具体的には、朝礼、各会議・ミーティングなどの場で唱和します。最初はクレドカードなどを見ながらでよいのですが、最終的には暗唱できる状態を目指しましょう。
4:理念テストを行う
理念テストとは、「経営理念」や「行動理念」を暗記しているかチェックテストを行うことです。「基本方針」や「行動理念」の内容を変更したり、新しい社員が入ったりした場合は、そのつどチェックテストを行ってください。
「丸暗記するだけでは効果はない」と思われる方もいらっしゃるかもしれませんが、文言すべてが頭に入っていれば、いつでも瞬時に「行動理念」と照らし合わせてものごとを考え、比較できるようになります。その結果、「理念」にそった行動をとれる機会が増えていきます。
5:「理念ミーティング」を実施する
次の3つを社員同士で報告し合う場を持ちましょう。
- ①自分自身が「経営理念」や「行動理念」にそって行動した具体的事例とその成果、お客様からの声など
- ②他社の事例のなかで、自社の理念につながるもの、参考になるもの
- ③自分がプライベートで体験したサービスや購入した商品で、自社の理念に参考になるもの
会社の規模や業態にもよりますが、社長も参加し社員全員で行うのがベストです。難しい場合は、店舗や営業所ごと、部署ごとの開催でかまいません。少なくとも毎月1回開催、時間は1時間程度とれるとよいでしょう。

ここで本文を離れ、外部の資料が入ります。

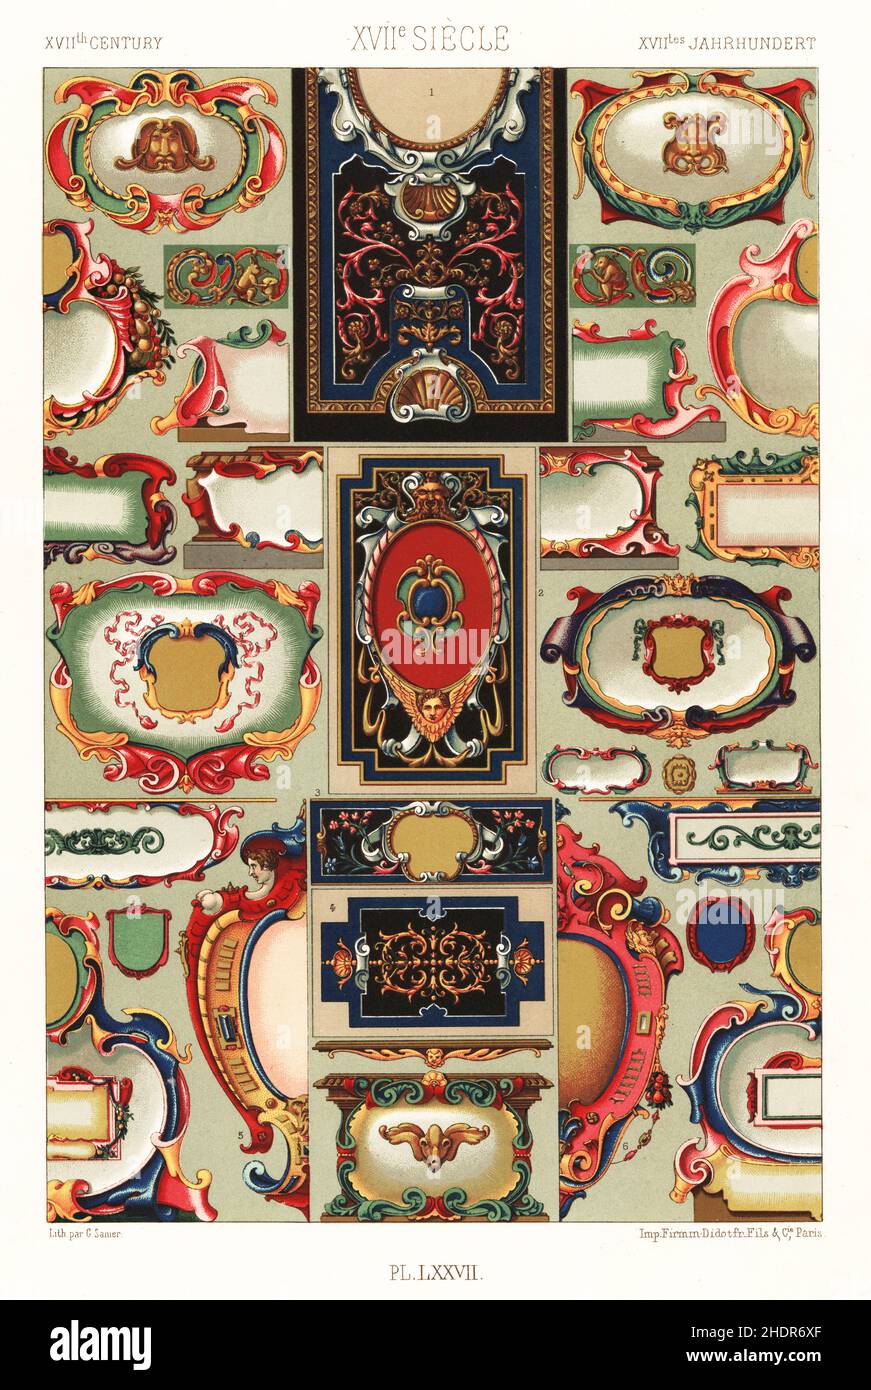 Cartouches, 17th century. Cartouches from panels at the Chapelle d'HInisdal 1-4, cartouches from Bernardus Castellus 5,6, and others from Flemish maps. Masks from Flanders. XVIIme Siecle. Hand-finished chromolithograph by G. Sanier from Albert-Charles-Auguste Racinet’s L’Ornement Polychrome, (Polychromatic Ornament), Firmin-Didot, Paris, 1869-73. Stock Photo

時間の確保が難しい場合は、10分でもよいので朝礼などの場で毎日行い、トータルでの量を確保してください。
6:社長がメッセージを発信し続ける
理念の浸透のために大事なのが、社長自身がメッセージを発信し続ける仕組みです。研修や会議、朝礼、社内報などでは定期的に継続して発信し続けましょう。
具体的には「理念を通じてどのように顧客や地域、社会に貢献するのか」や、「やりがい、働きがいをもってもらうためにどんな会社にするのか」「自社の理念が必要とされる時代背景や環境、世の中の出来事」「創業時の考え方」などを継続的に発信します。
7:浸透・実践度を見える化する
理念や方針が社員に浸透しているかどうか、アンケートを実施して確認します。理念や目標を項目ごとに記し、それぞれ「実践できていると思うか」という問いかけを設定し、回答は「そう思う」「ややそう思う」「ややそう思わない」「そう思わない」などの選択肢から選んでもらいます。

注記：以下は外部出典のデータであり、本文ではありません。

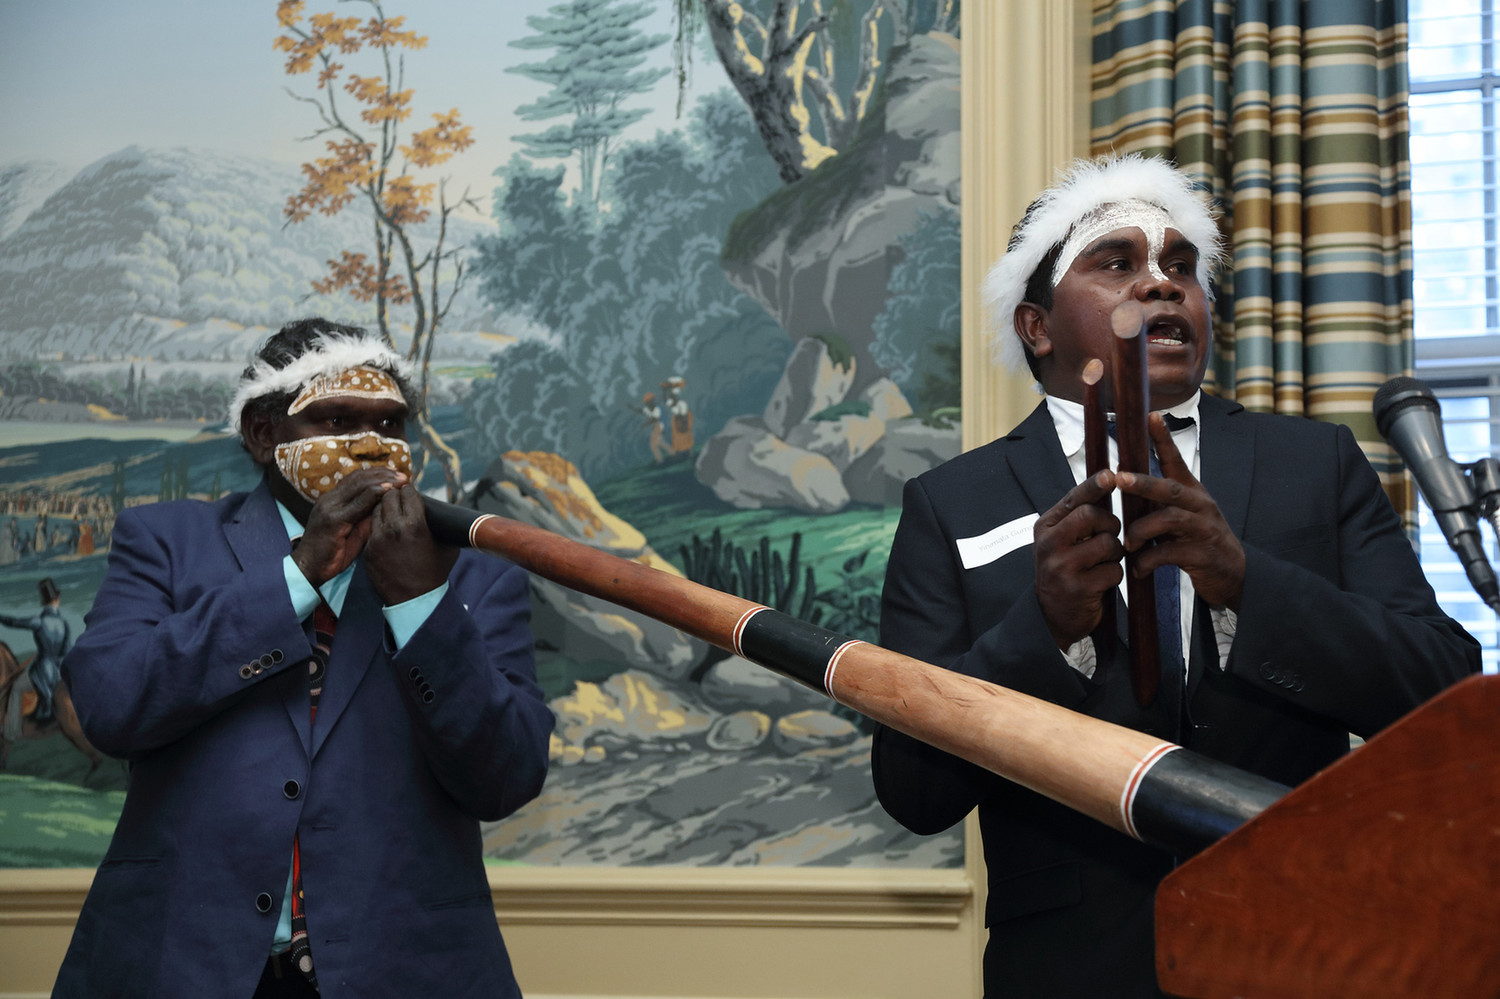 Wukun Wanambi and Yinimala Gumana performing a traditional Yolngu song at a reception to celebrate the launch of Madayin at the Yale Club of NYC in May Wukun Wanambi and Yinimala Gumana performing a traditional Yolngu song at a reception to celebrate the launch of Madayin at the Yale Club of NYC in May 

これによって、経営計画のどの部分が浸透していて、どこが不十分なのかひと目でわかります。社長が一番知りたいデータといえるでしょう。
部署や店舗別に結果を分析することで浸透、実践ができていない部署や店舗が明確になり、そのリーダーを指導したり、社長や幹部が対応したりするなど、具体的な対策がとれます。アンケートは期末近くに、毎年実施してください。
8:「経営計画発表会」で毎年「ビジョン」を共有する
「経営計画発表会」は、社長と全社員が「ビジョン」を共有する場です。経営計画を打ち立てたときはもちろんのこと、年1回の節目のイベントとして全社員参加で毎年開催するのがおすすめです。
開催時期は、年度末にできるだけ近い日程で行うか、期首に行うかを決めておくとよいでしょう。期末の忙しさや業績数値がどのくらいで把握できるかなどでタイミングの違いはあってかまいません。毎年の開催日程を決めておくと、社長を含めた全社員がそこに向けて動きやすくなります。
発表会の後半には、全社員が参加する懇親会を設けましょう。「経営計画発表会」そのものは厳粛な雰囲気で開催します。これに対して、懇親会は和やかな雰囲気で開催することによってメリハリをつけます。食事やアルコールもとりながら前半の「経営計画発表会」に対する思いや本音を聞き出す場としても活用します。
経営計画発表会の具体的な実施方法や成功のポイントは、以下の記事で詳しく解説しています。
おわりに:経営計画が人材育成の鍵になる
経営計画に沿ったアクションプランを個人にまで落とし込み、PDCAをきっちりまわすことで、社員は目標に貢献できる人材へと確実に成長していきます。経営計画は、単に会社の数値目標ではありません。経営の全ての礎であり、会社を躍進させるための最も大事な仕組みなのです。
まずは会社の社員やその家族のため、そして会社とお付き合いがある取引先や関係者のため、地域社会のために、早速取り組みをスタートさせましよう。あなたの決意と第一歩が、中小企業を元気にし、日本の未来を明るく照らすきっかけになることは間違いありません。